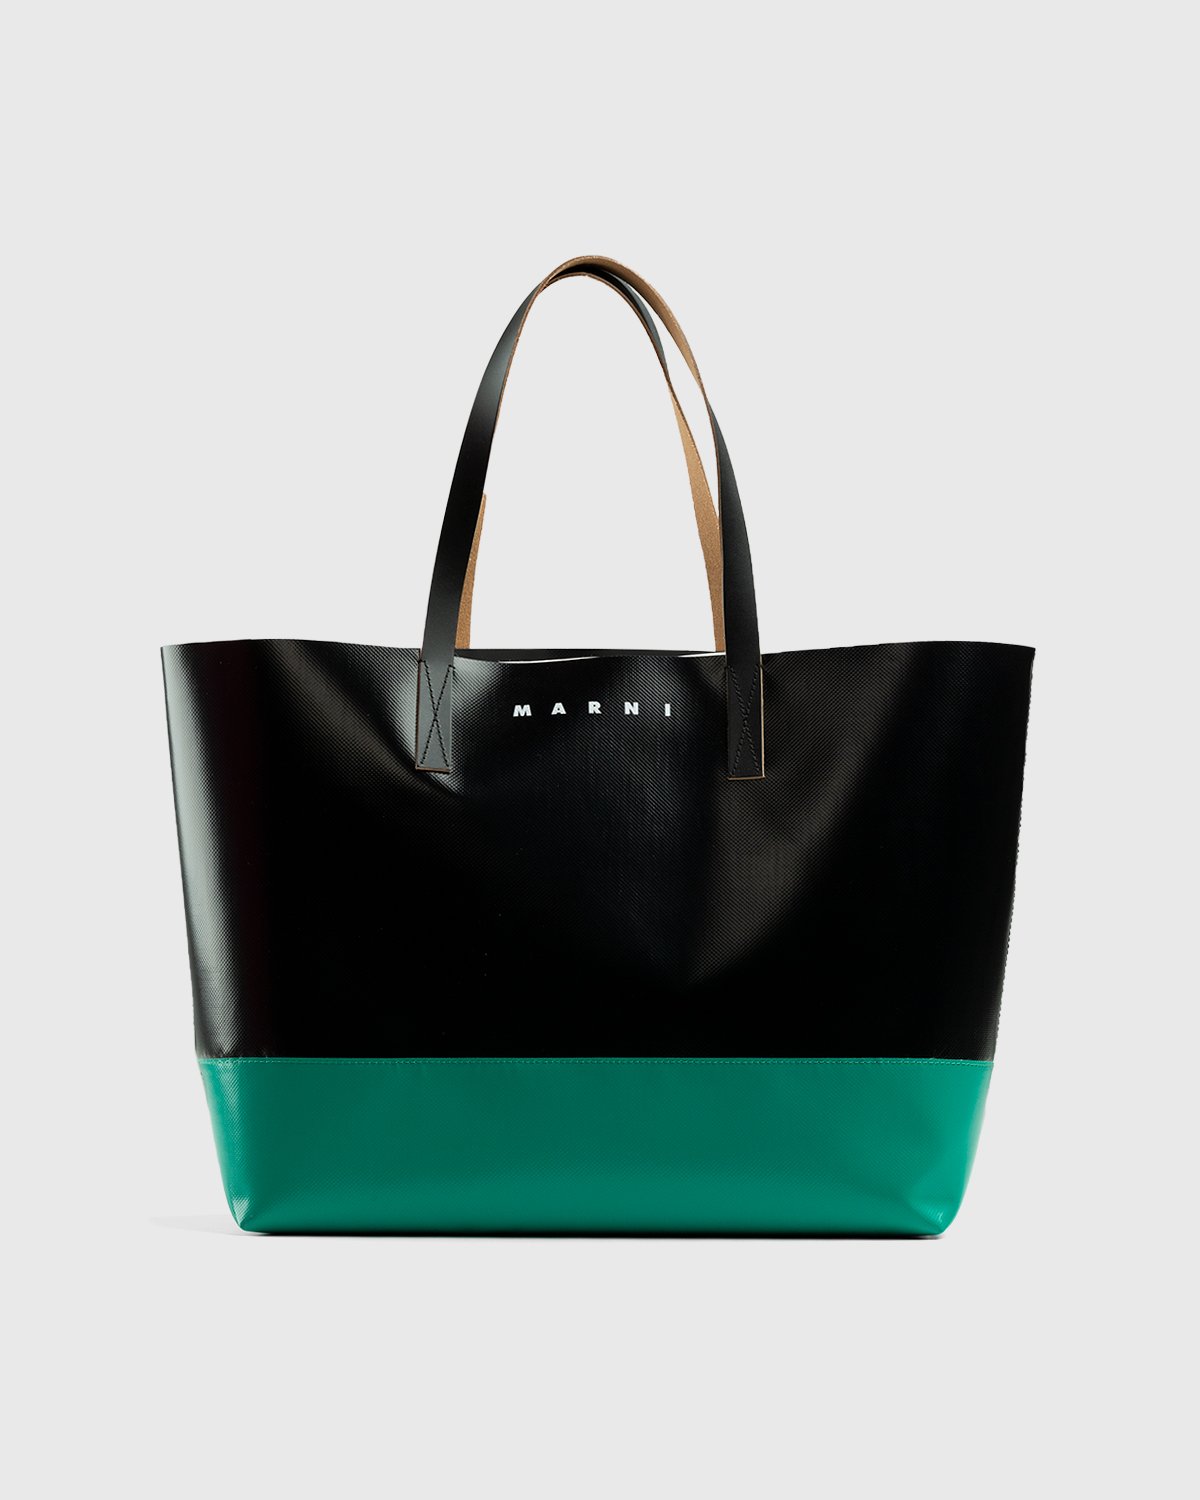 Marni - Tribeca Two-Tone Tote Bag Black/Green - Accessories - Black - Image 1
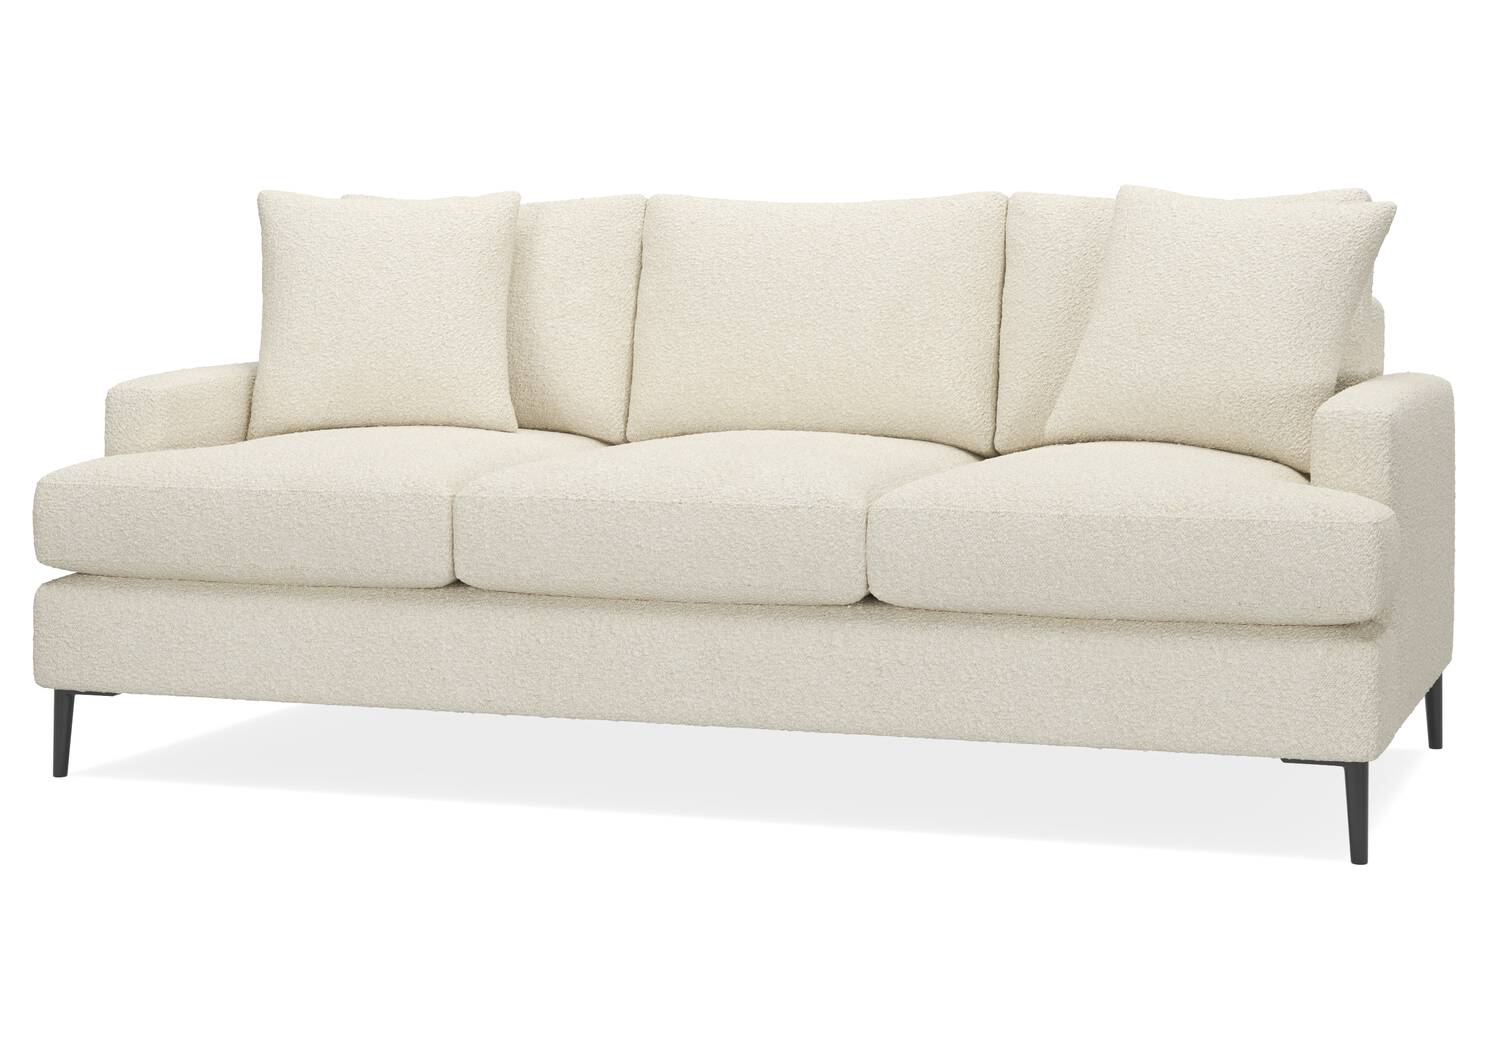 Ramos Custom Sofa
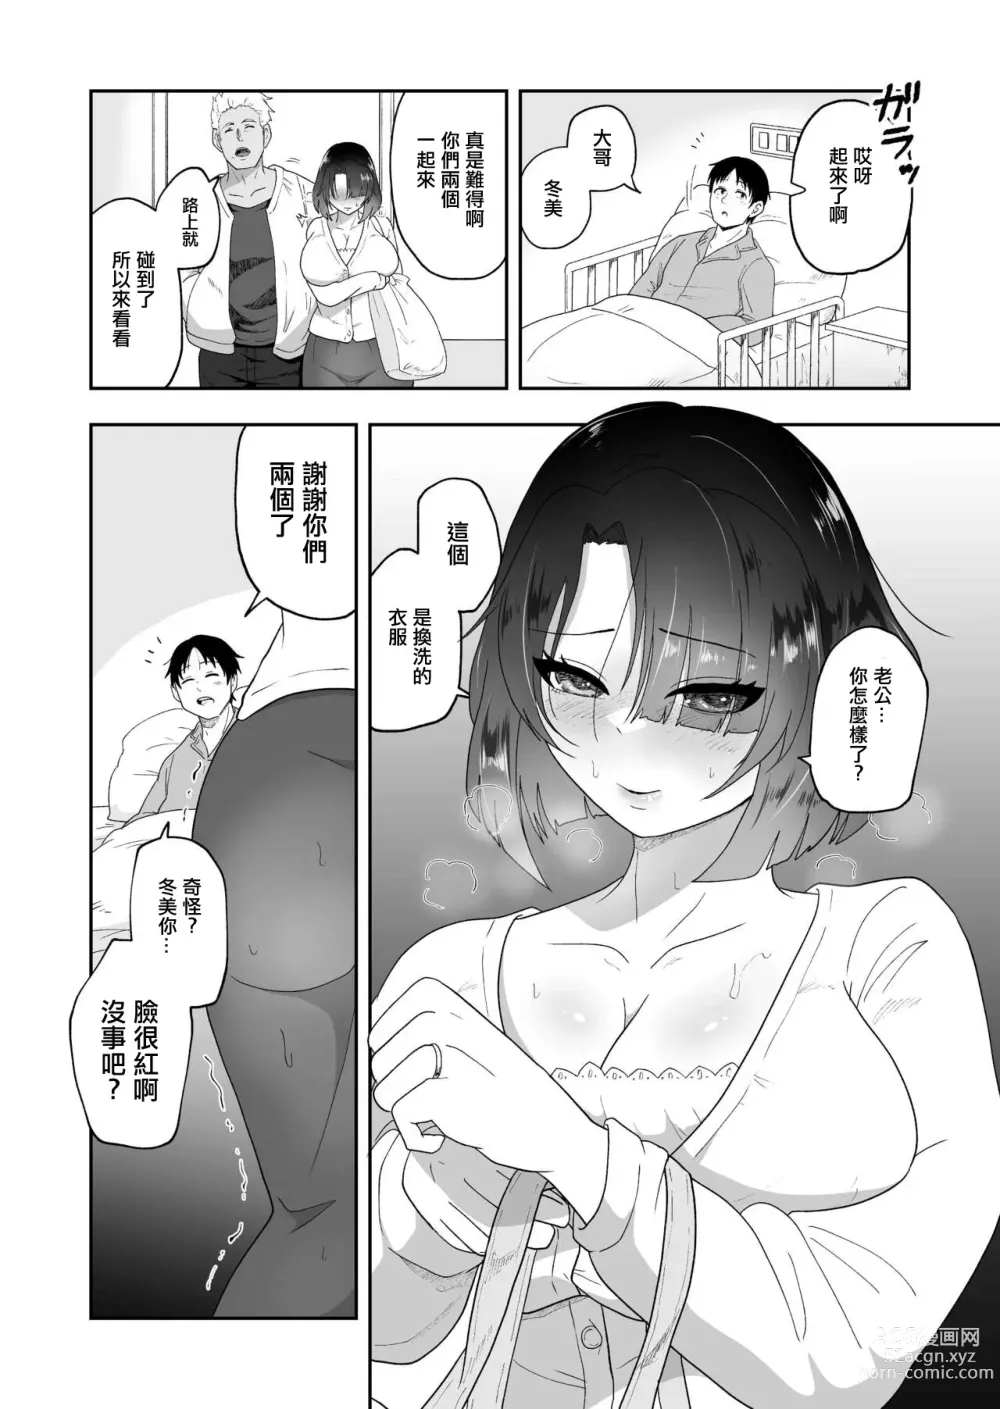 Page 3 of doujinshi 為了丈夫出賣身體的妻子堕落成母狗了
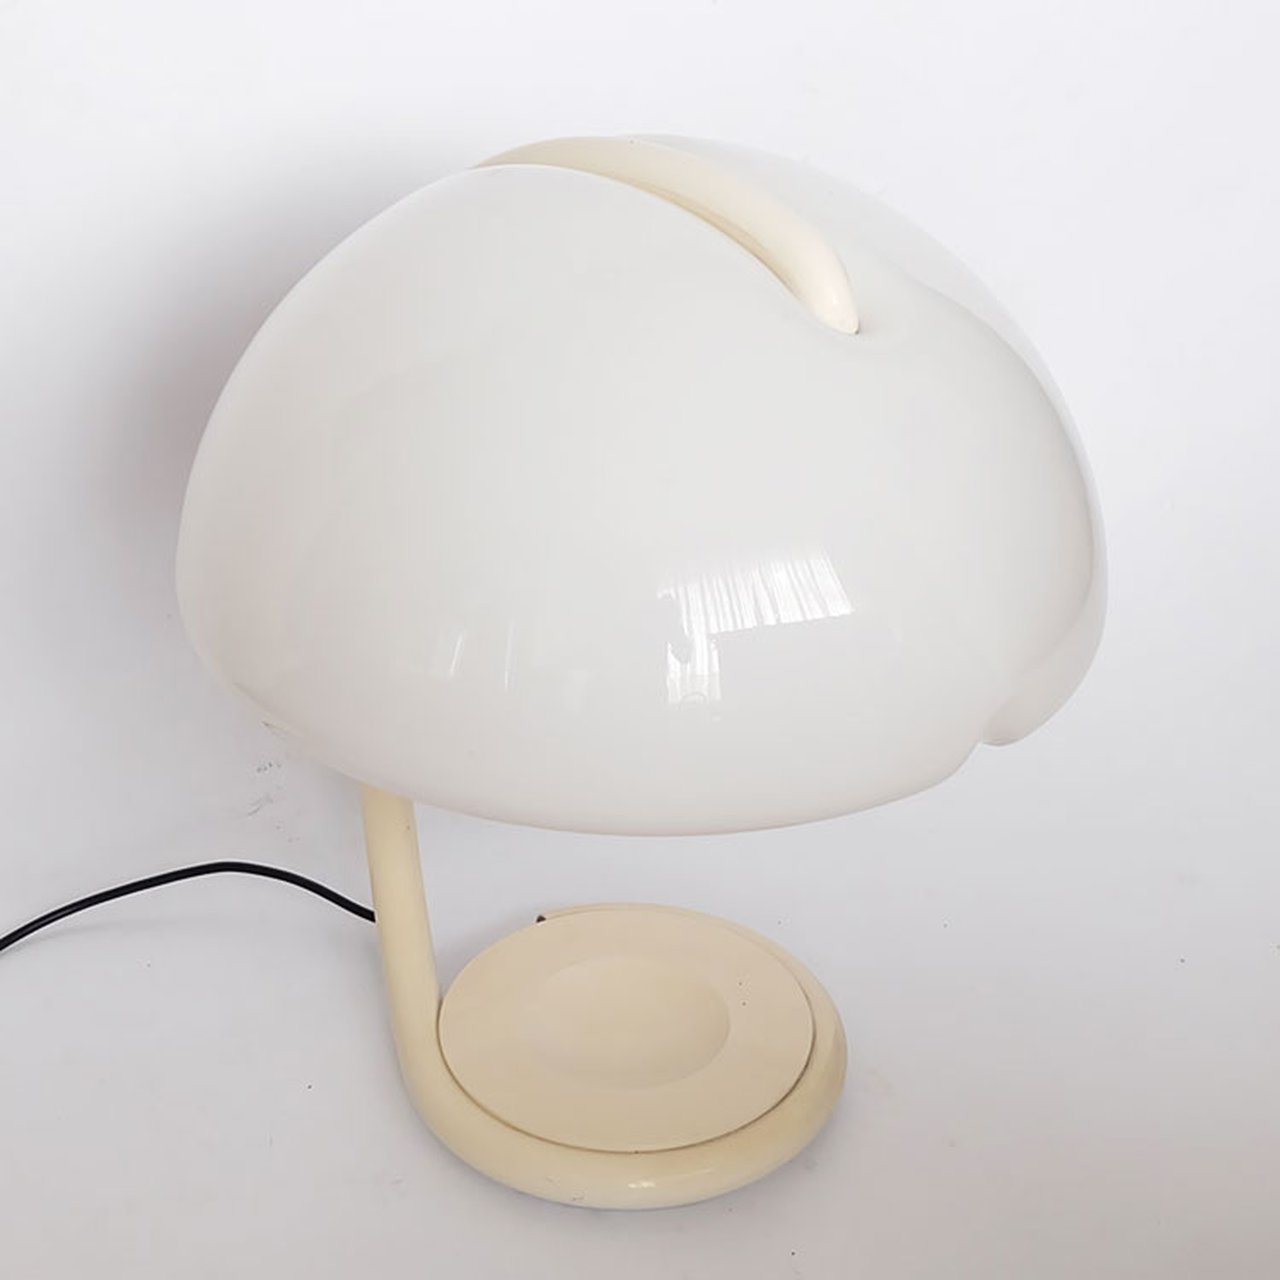 Image 10 of Design by Elio Martinelli. This design icon lamp, Serpente.
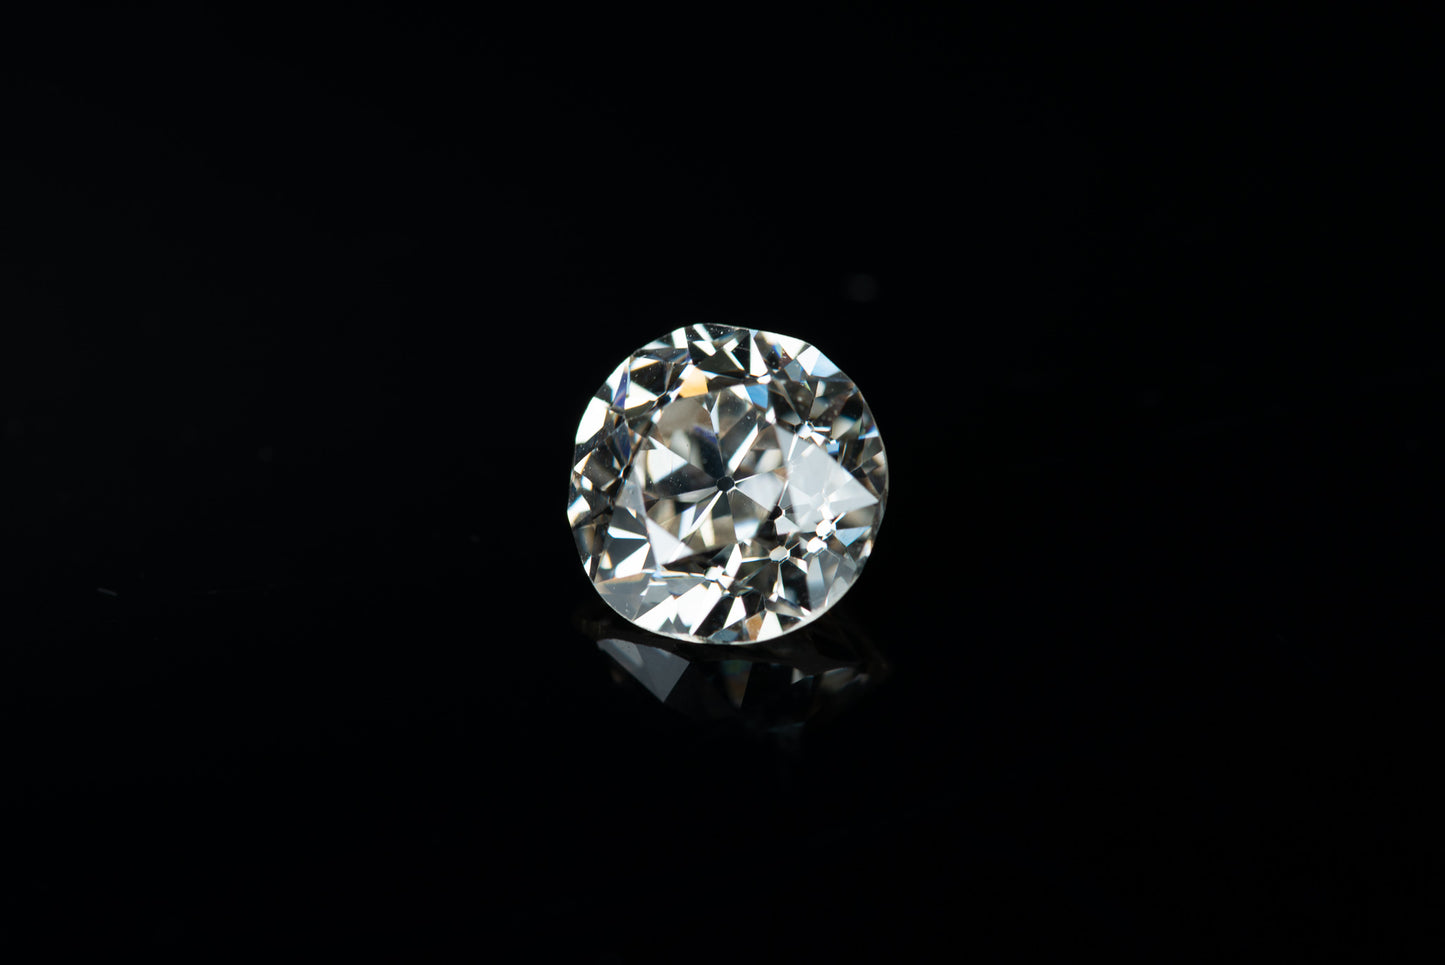 2.23 carat loose diamond

> [WORK REQUIRED]: Excluding every picture, write out each record word for word.

> [ANSWER SECTION]:
 Marni - Tribeca Two-Tone Tote Bag Black/Green - Accessories - Black - Image 1
 Ramos Custom Sofa
 Page 3 of doujinshi 為了丈夫出賣身體的妻子堕落成母狗了
 Image 10 of Design by Elio Martinelli. This design icon lamp, Serpente.
 2.23 carat loose diamond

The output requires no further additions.